Once a valuation method has been determined, owners will need to consider how a payout will be financed, if at all. If the owners opt to finance a portion of the buyout, they will need to determine the length of the term and the interest rate. And given that buy-sell agreements may not come into play for years, it’s wise to avoid a fixed interest rate. It is best to stipulate that interest rates follow the applicable federal rate at the time of closing. This portion of the agreement should also reference any life insurance policies acquired to fund the buyout.

WHAT SHOULD YOU CONSIDER WHEN DRAFTING A BUY-SELL AGREEMENT FOR YOUR BUSINESS?

While buy-sell agreements can help protect the interests of all parties involved, they can also be a source of conflict if they are not drafted correctly with clear and unambiguous language. This cannot be emphasized enough, as ambiguity or minor discrepancies can lead to conflict about the required procedures and value of the business after a triggering event. Such conflict can result in costly litigation and animosity between the parties. Business owners should consult with attorneys and accountants to ensure that the agreement’s language matches their intentions.

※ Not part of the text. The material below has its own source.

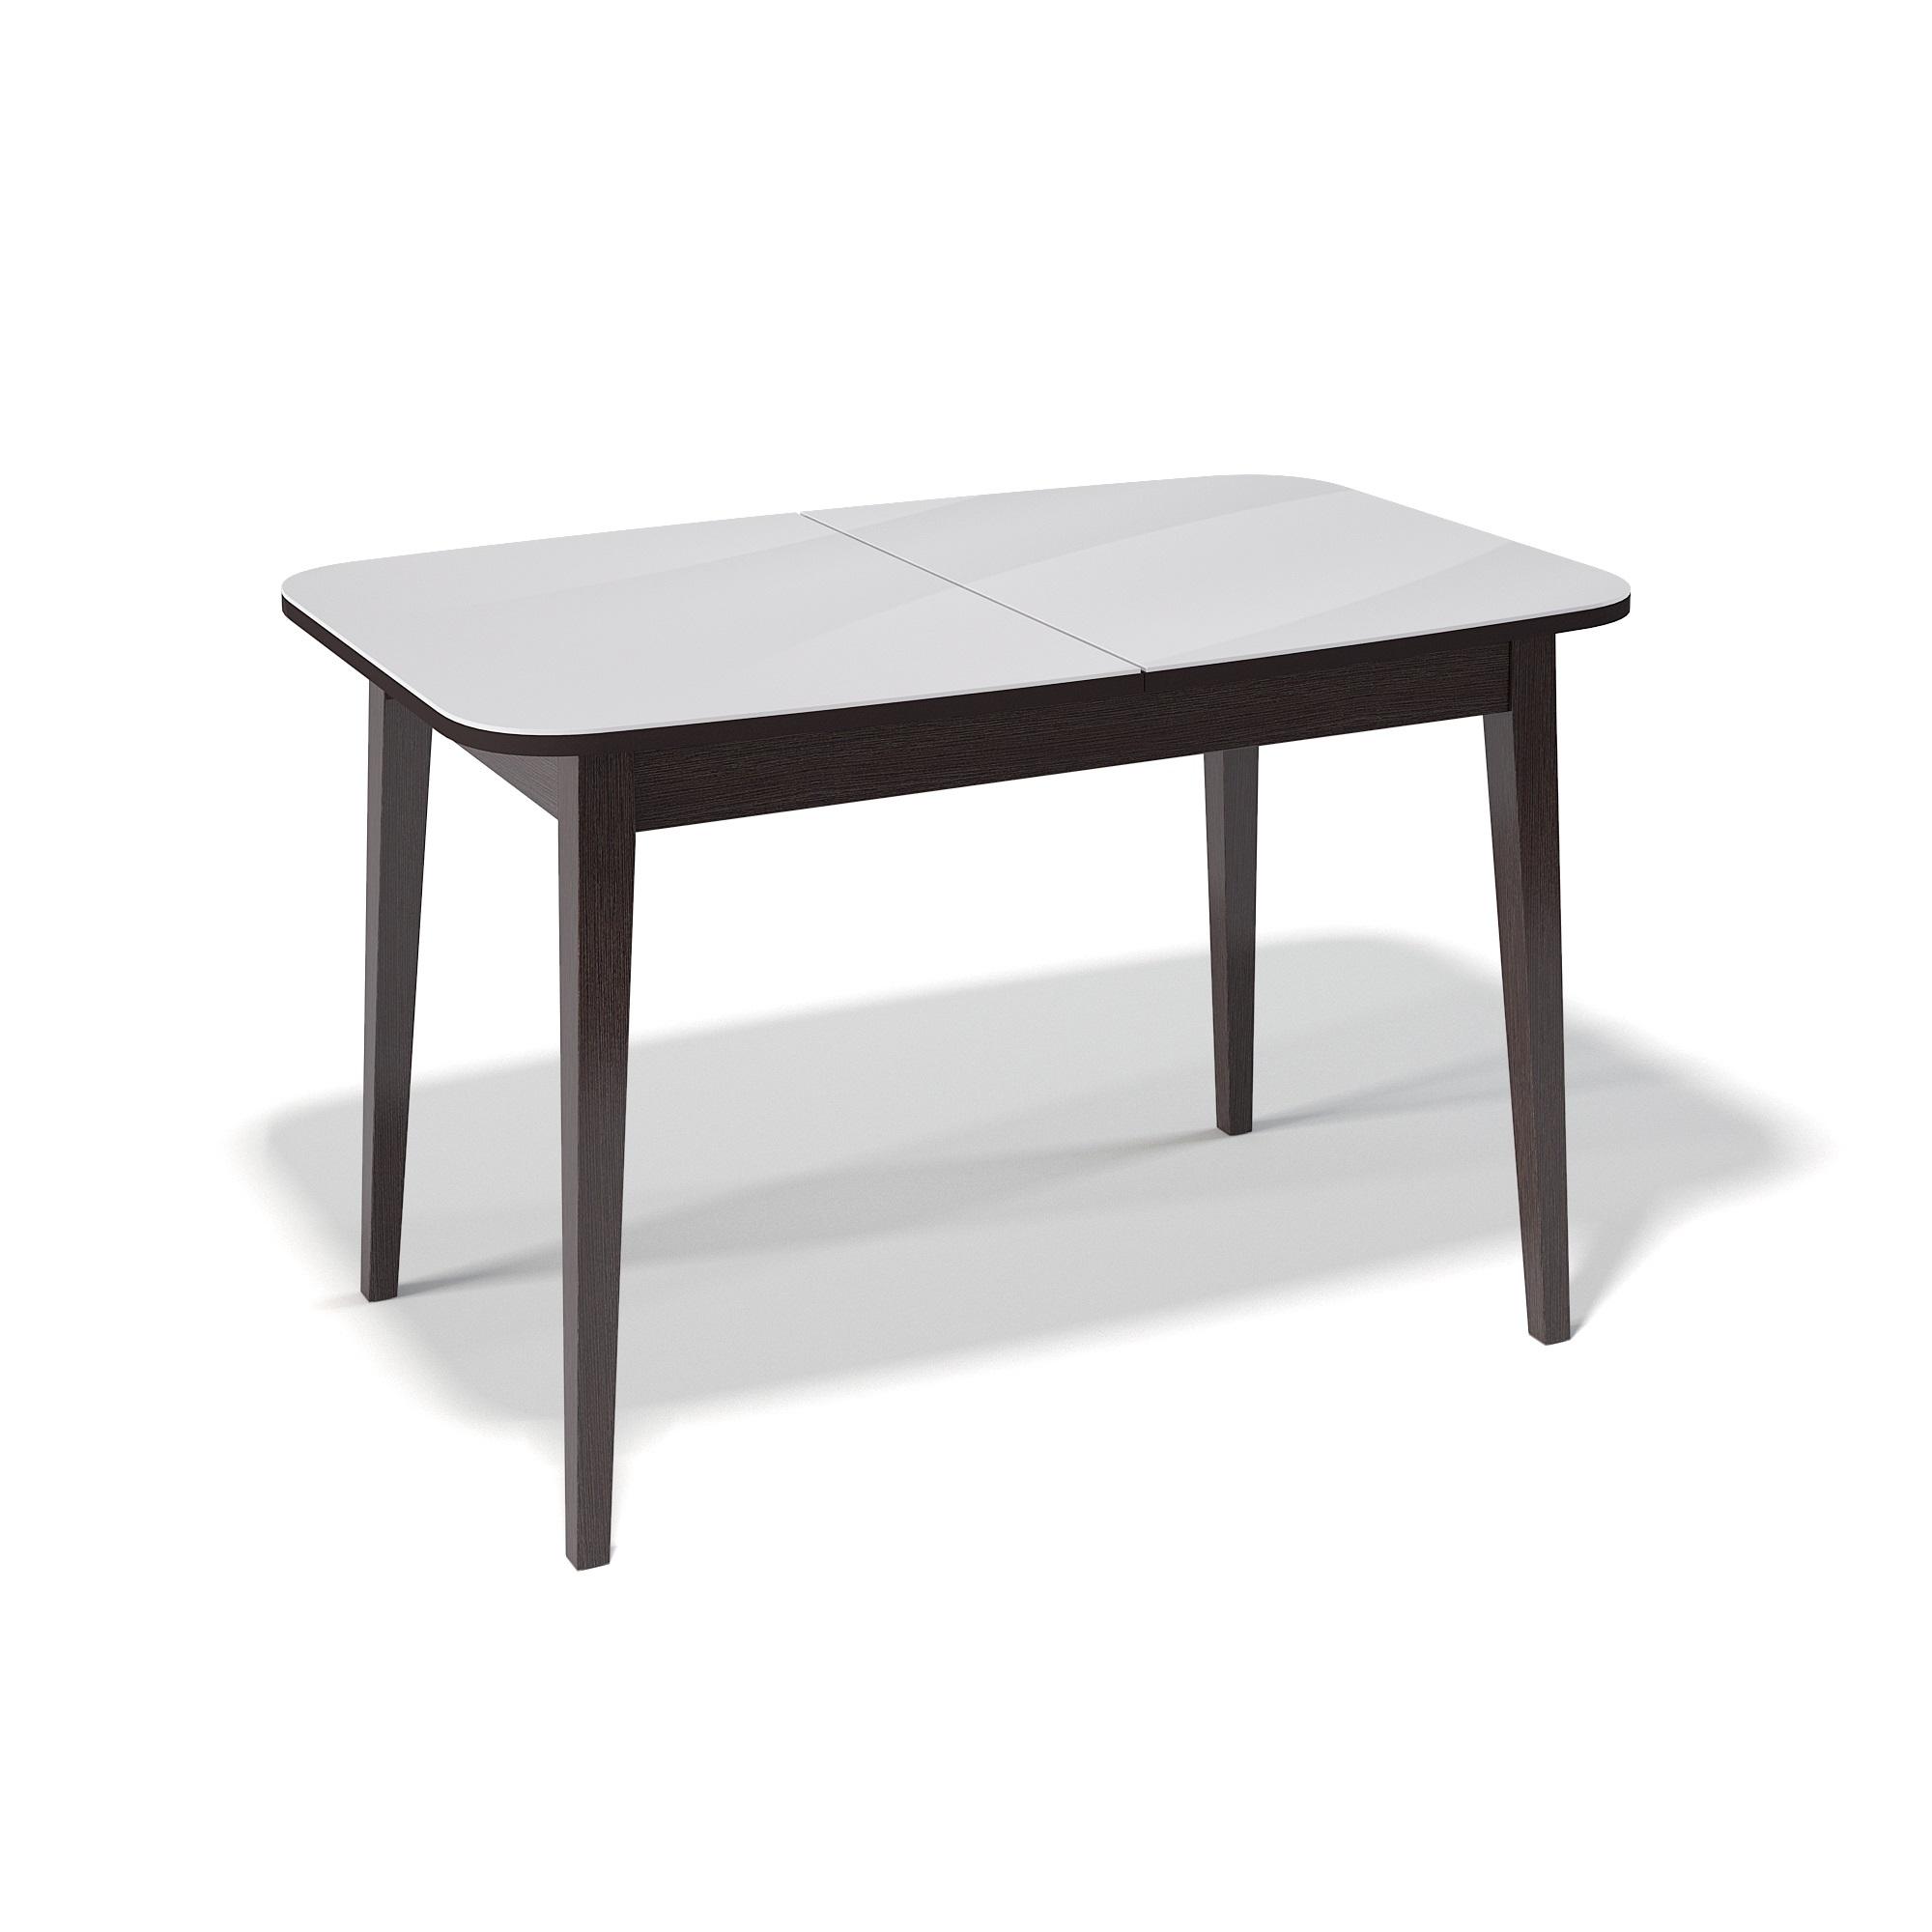 Стол обеденный KennerОбеденные столы<br>Ножки стола выполнены из массива бука, столешница - ДСП+стекло 4мм.&amp;amp;nbsp;&amp;lt;div&amp;gt;Механизм раскладки: синхронный, легкого скольжения.&amp;amp;nbsp;&amp;lt;/div&amp;gt;&amp;lt;div&amp;gt;На ножках установлены регулировочные винты.&amp;amp;nbsp;&amp;lt;/div&amp;gt;&amp;lt;div&amp;gt;Фурнитура в комплекте.&amp;lt;/div&amp;gt;&amp;lt;div&amp;gt;Стол раскладной,вставка &amp;quot;бабочка&amp;quot; со стеклом.&amp;amp;nbsp;&amp;lt;/div&amp;gt;&amp;lt;div&amp;gt;Размер столешницы в разложенном виде: 160х75 см. &amp;lt;/div&amp;gt;<br><br>Material: Дерево<br>Ширина см: 120.0<br>Высота см: 75.0<br>Глубина см: 80.0
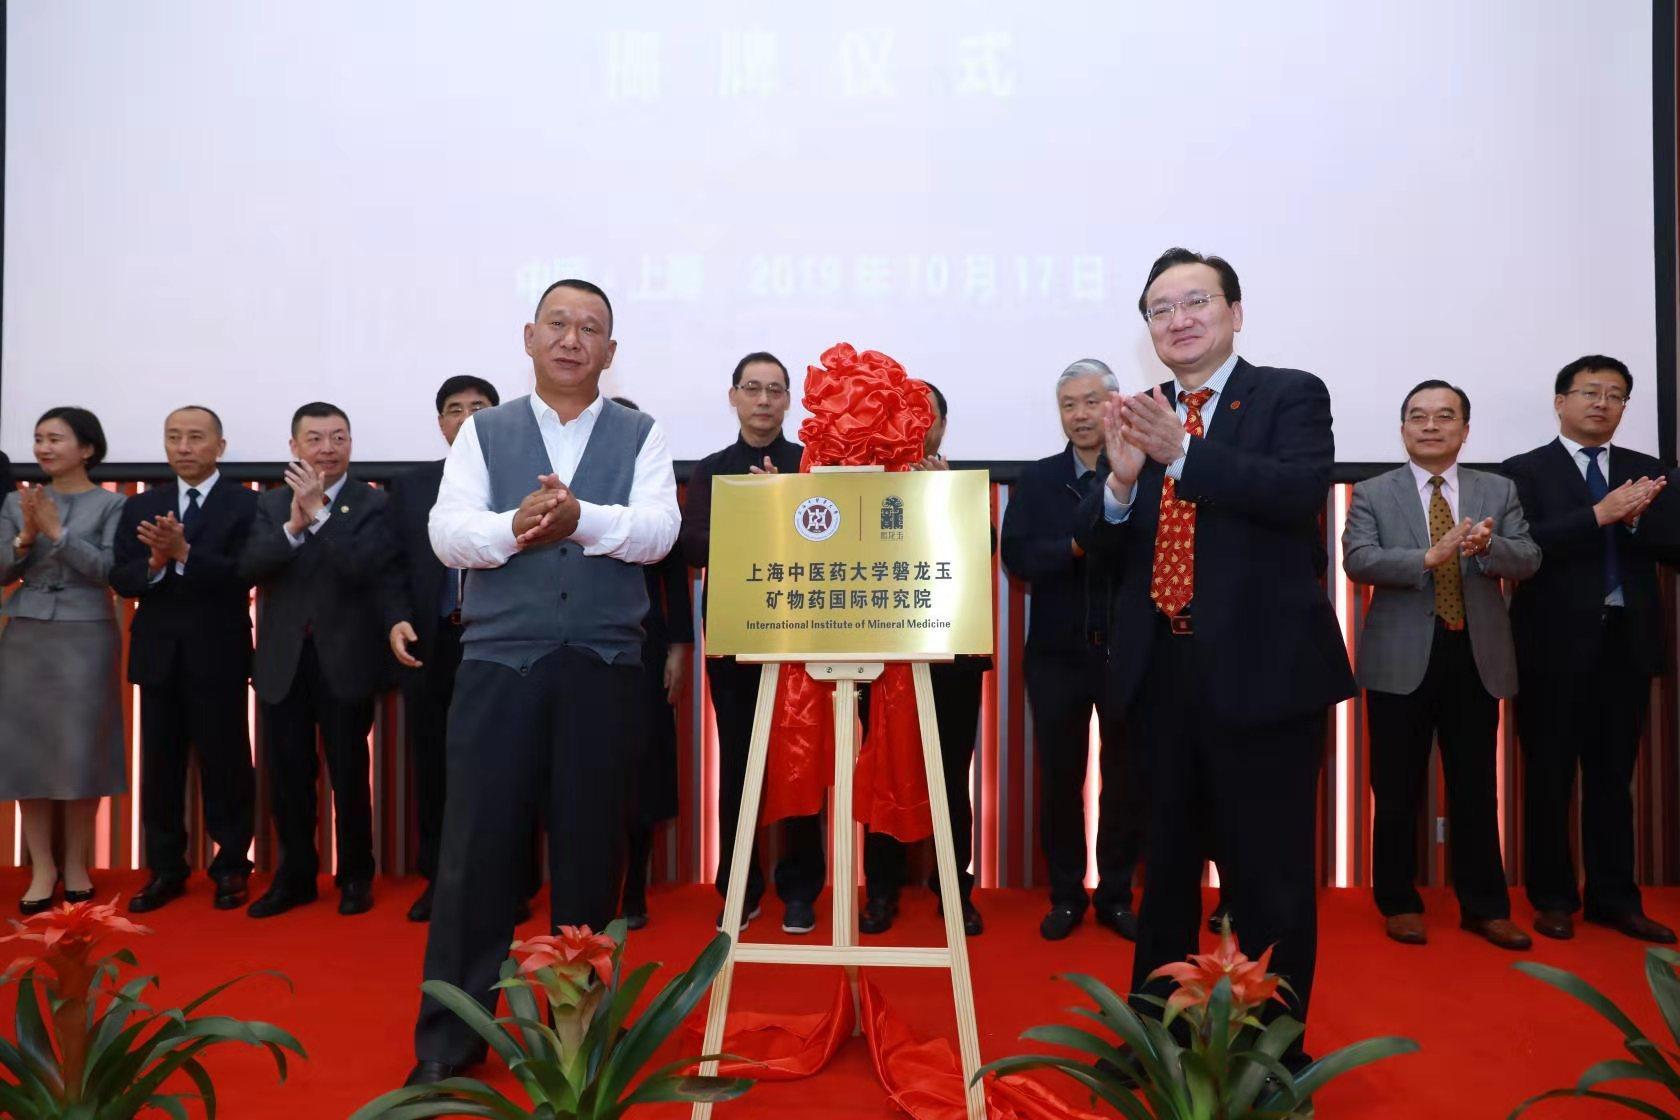 研发玉石矿物,全国首个矿物药国际研究院成立

Buy-sell agreements are not something to set and forget. They must be reviewed periodically to ensure the agreement still meets everyone’s goals. Likewise, the business should be valued regularly to ensure the sufficiency of any life insurance policies that will fund a potential buyout.

The best way to ensure your buy-sell agreement is expertly crafted and suits your business’s needs is to meet with experienced professionals who understand the complexities of these types of contracts.